Data extract –
******

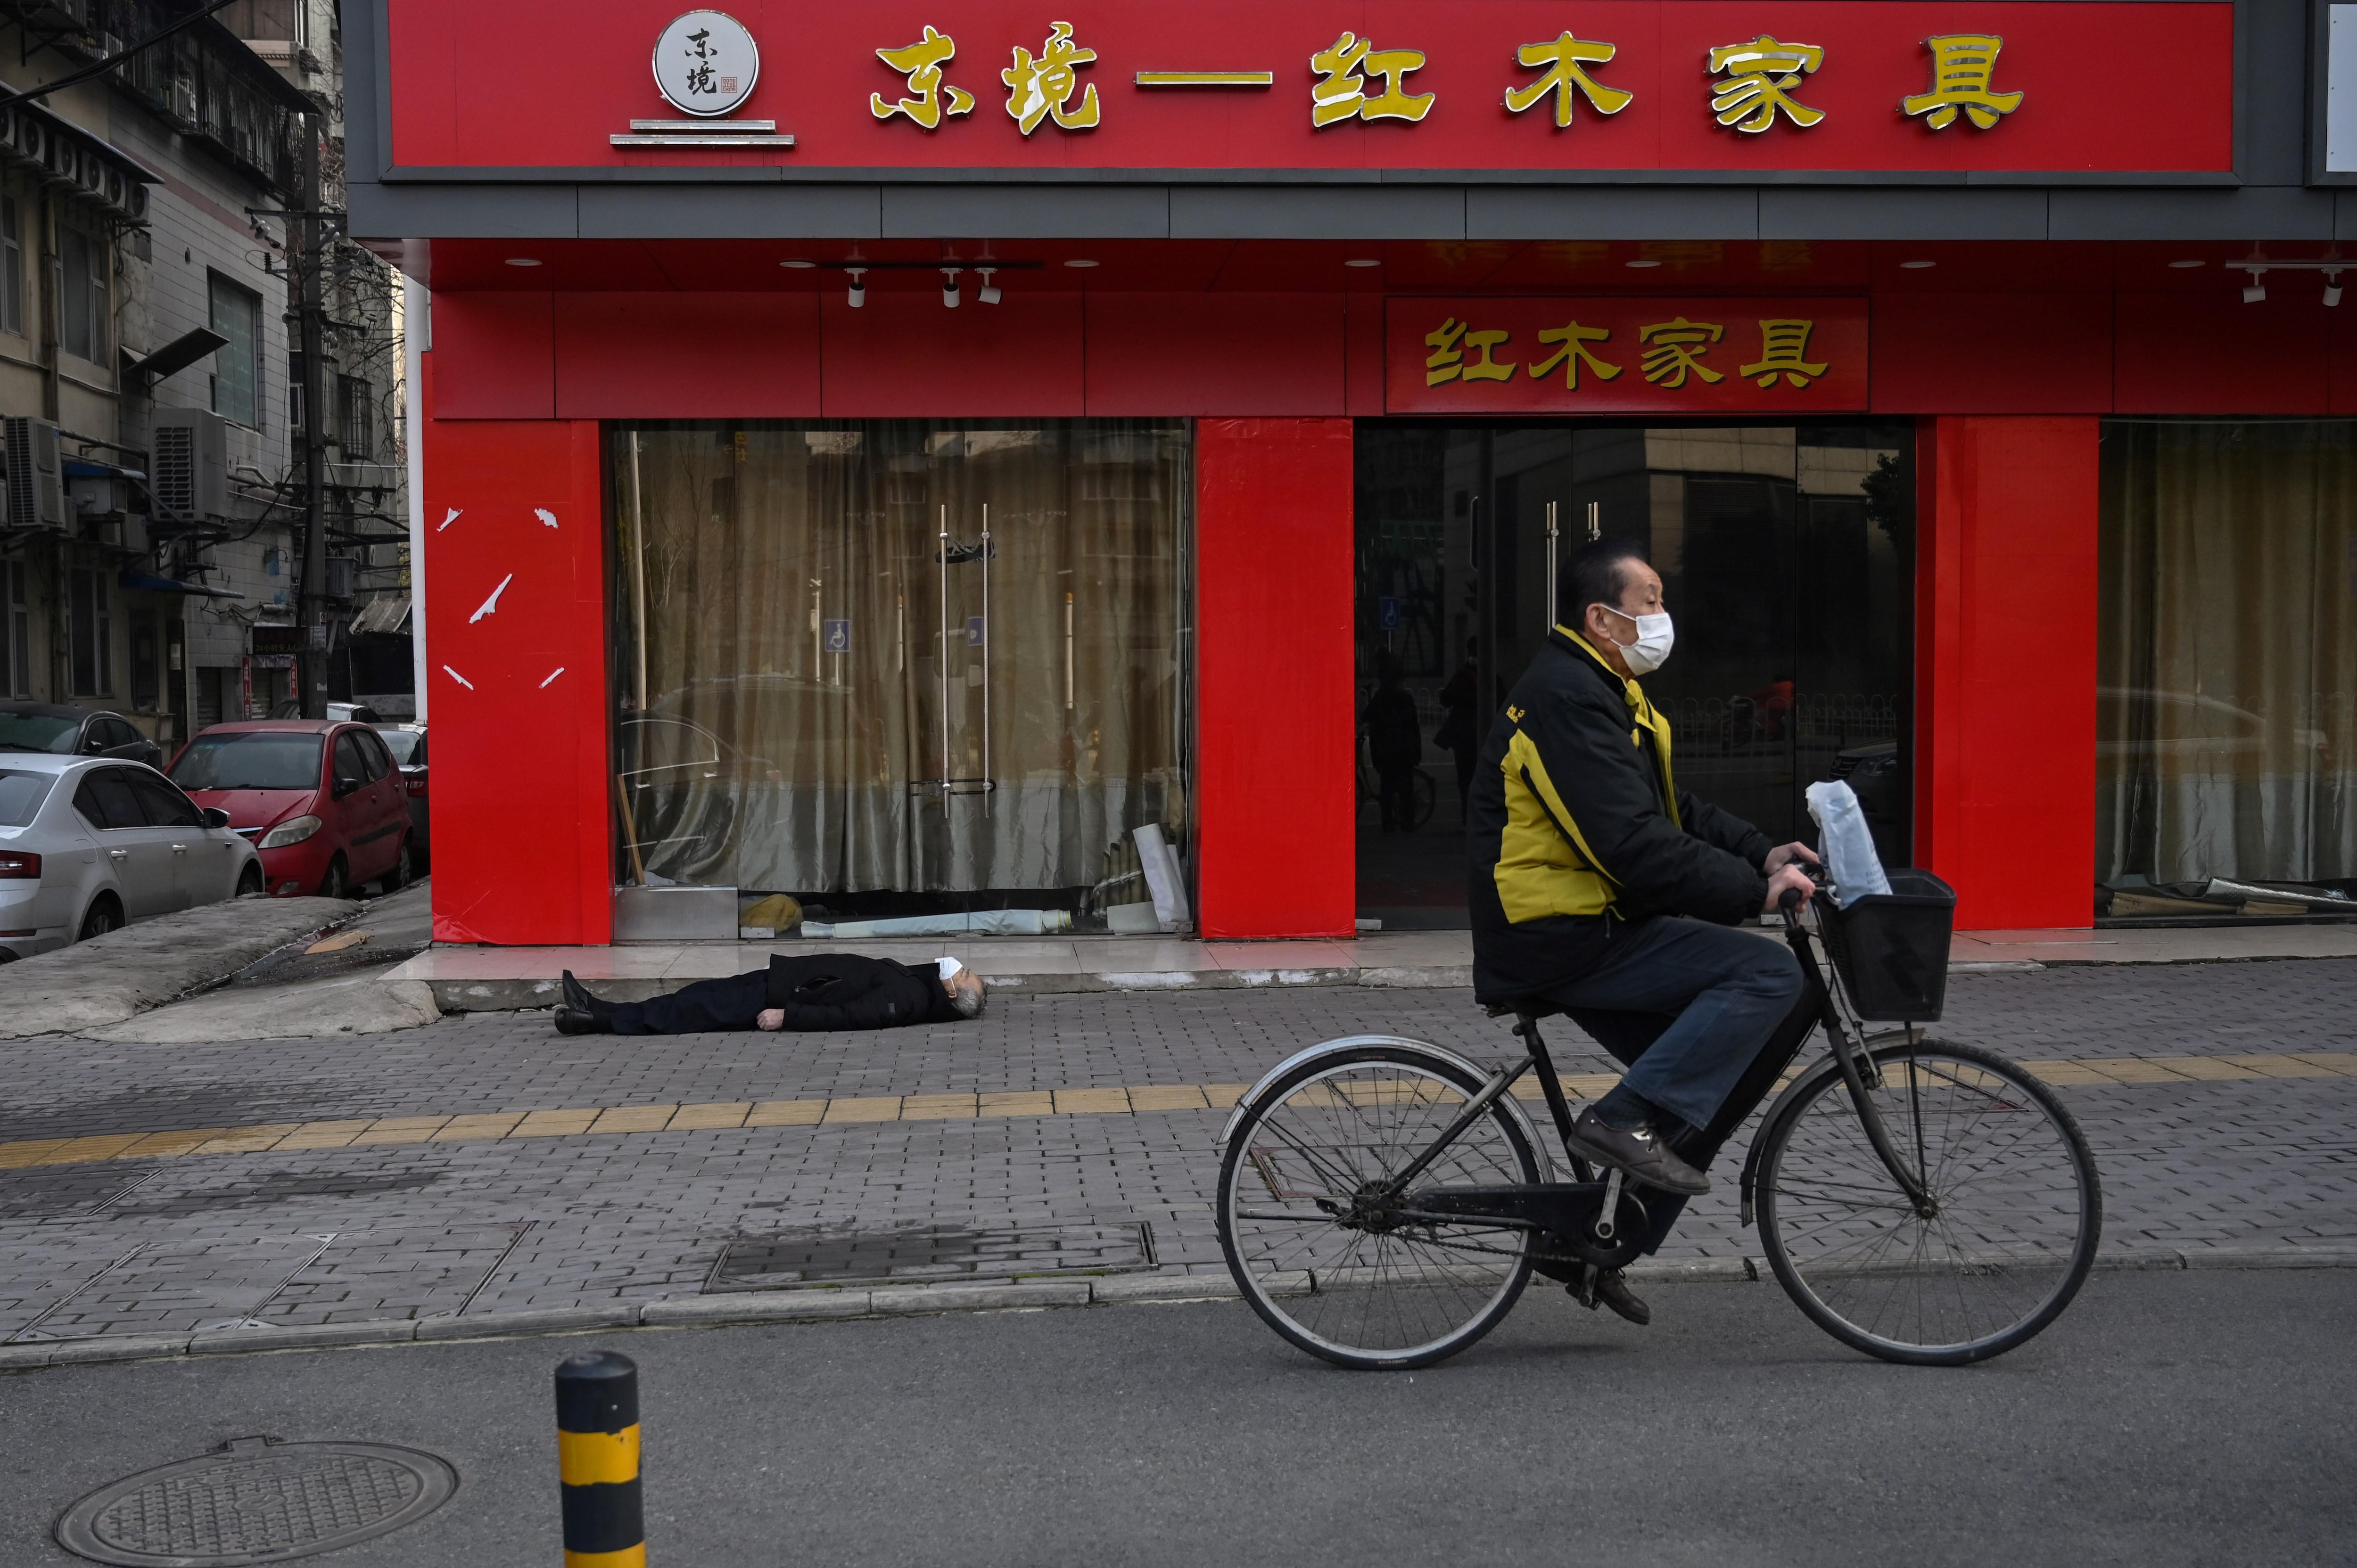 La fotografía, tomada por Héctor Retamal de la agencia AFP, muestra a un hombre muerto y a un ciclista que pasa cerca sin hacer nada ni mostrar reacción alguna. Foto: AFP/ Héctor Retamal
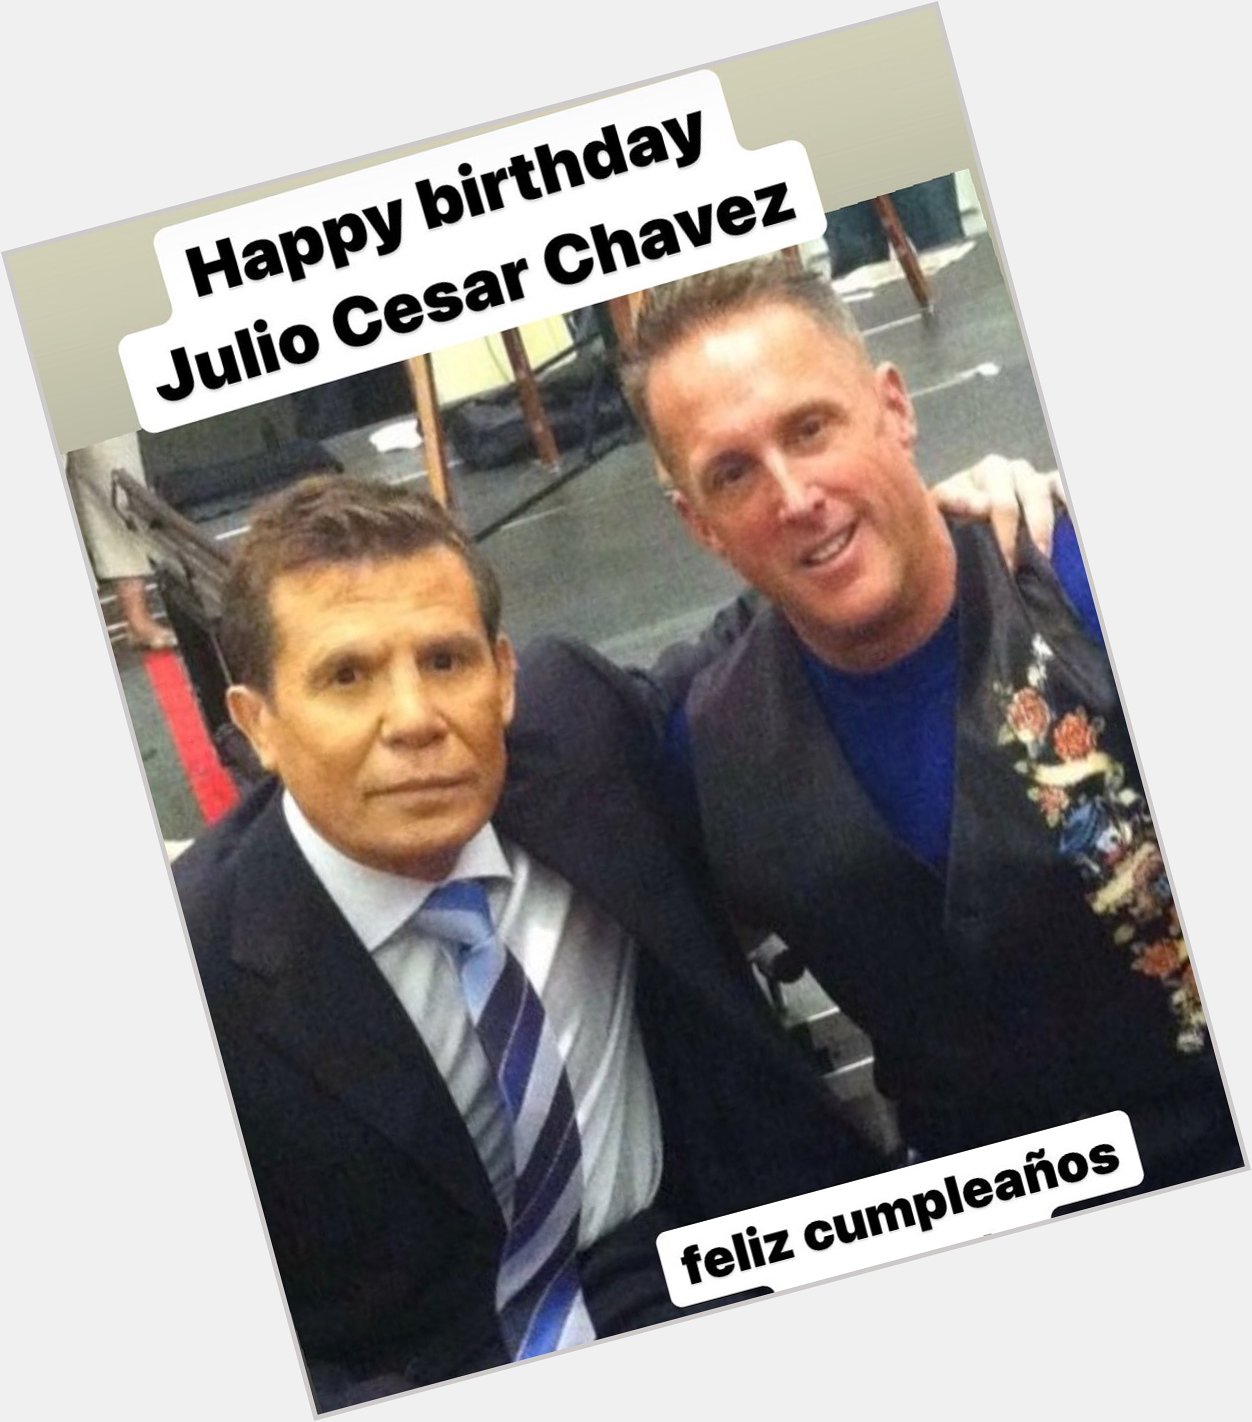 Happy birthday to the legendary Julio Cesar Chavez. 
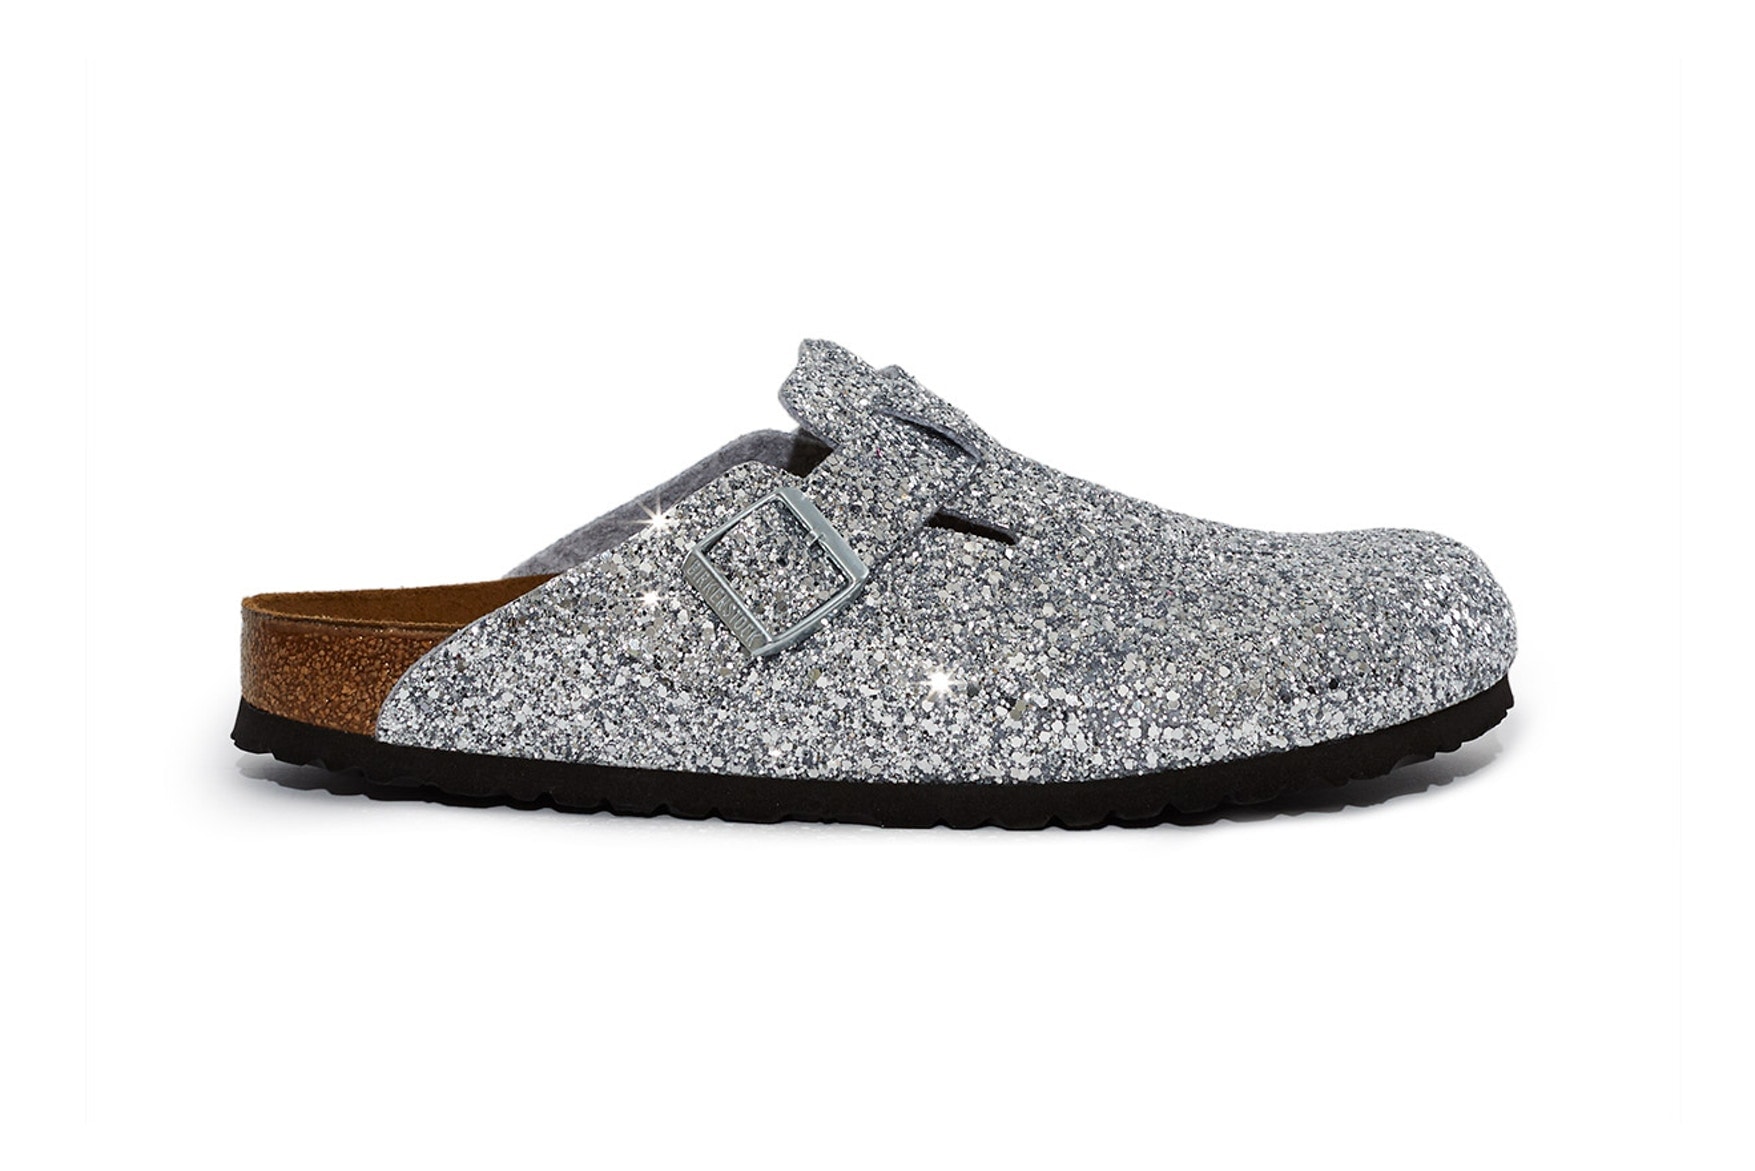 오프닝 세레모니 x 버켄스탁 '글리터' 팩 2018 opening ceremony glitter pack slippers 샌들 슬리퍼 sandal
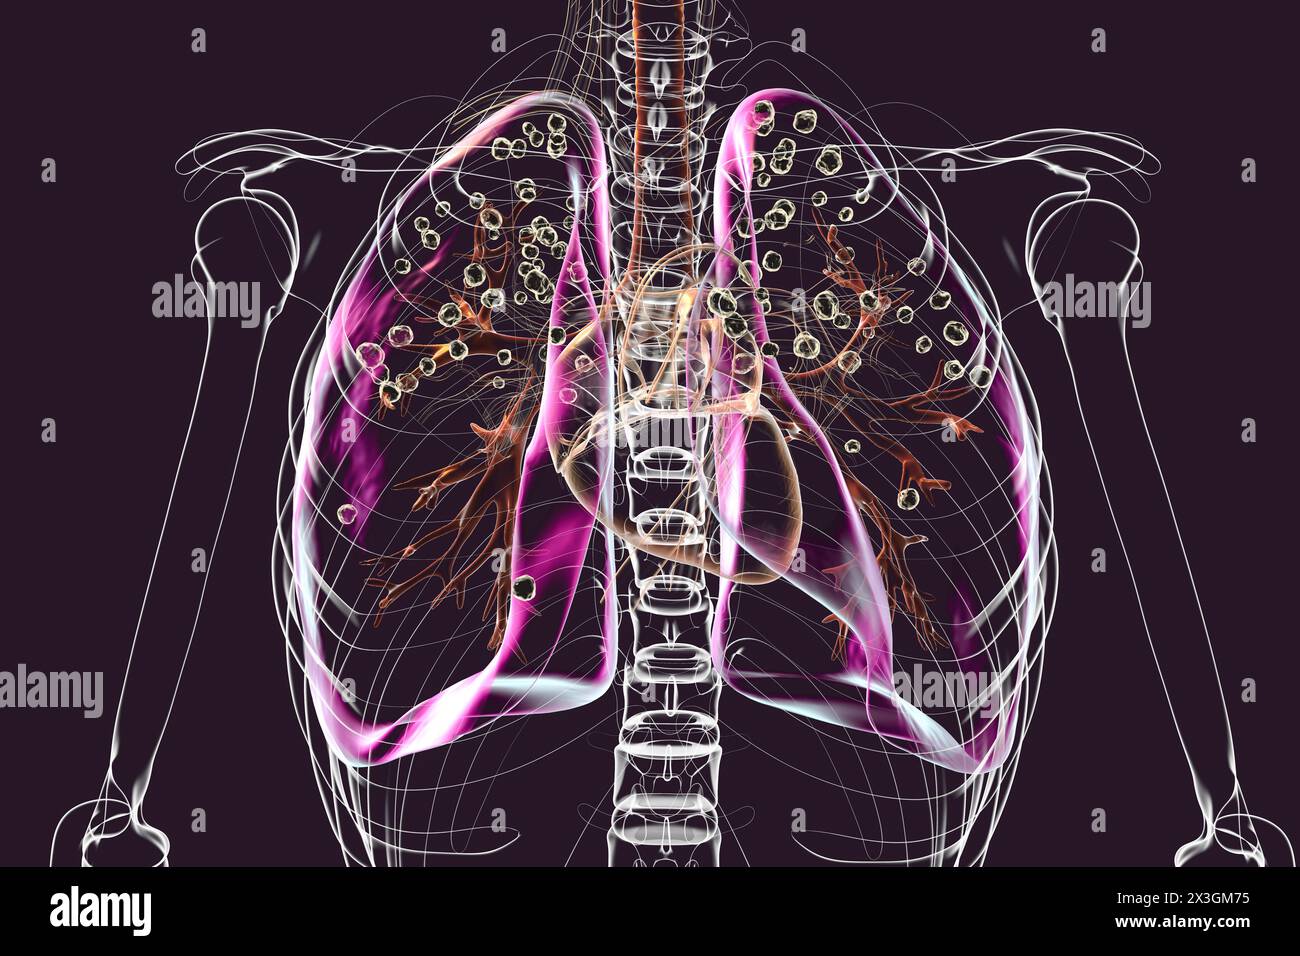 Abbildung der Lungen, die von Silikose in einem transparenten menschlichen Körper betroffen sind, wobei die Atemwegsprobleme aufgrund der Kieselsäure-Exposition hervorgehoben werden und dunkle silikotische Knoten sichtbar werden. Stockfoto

******

What you will do – The data above, line by line: transcribe it exactly and drop the pictures.

Answer below –
 La fotografía, tomada por Héctor Retamal de la agencia AFP, muestra a un hombre muerto y a un ciclista que pasa cerca sin hacer nada ni mostrar reacción alguna. Foto: AFP/ Héctor Retamal
 Happy birthday to the legendary Julio Cesar Chavez. 
 오프닝 세레모니 x 버켄스탁 '글리터' 팩 2018 opening ceremony glitter pack slippers 샌들 슬리퍼 sandal
 Abbildung der Lungen, die von Silikose in einem transparenten menschlichen Körper betroffen sind, wobei die Atemwegsprobleme aufgrund der Kieselsäure-Exposition hervorgehoben werden und dunkle silikotische Knoten sichtbar werden. Stockfoto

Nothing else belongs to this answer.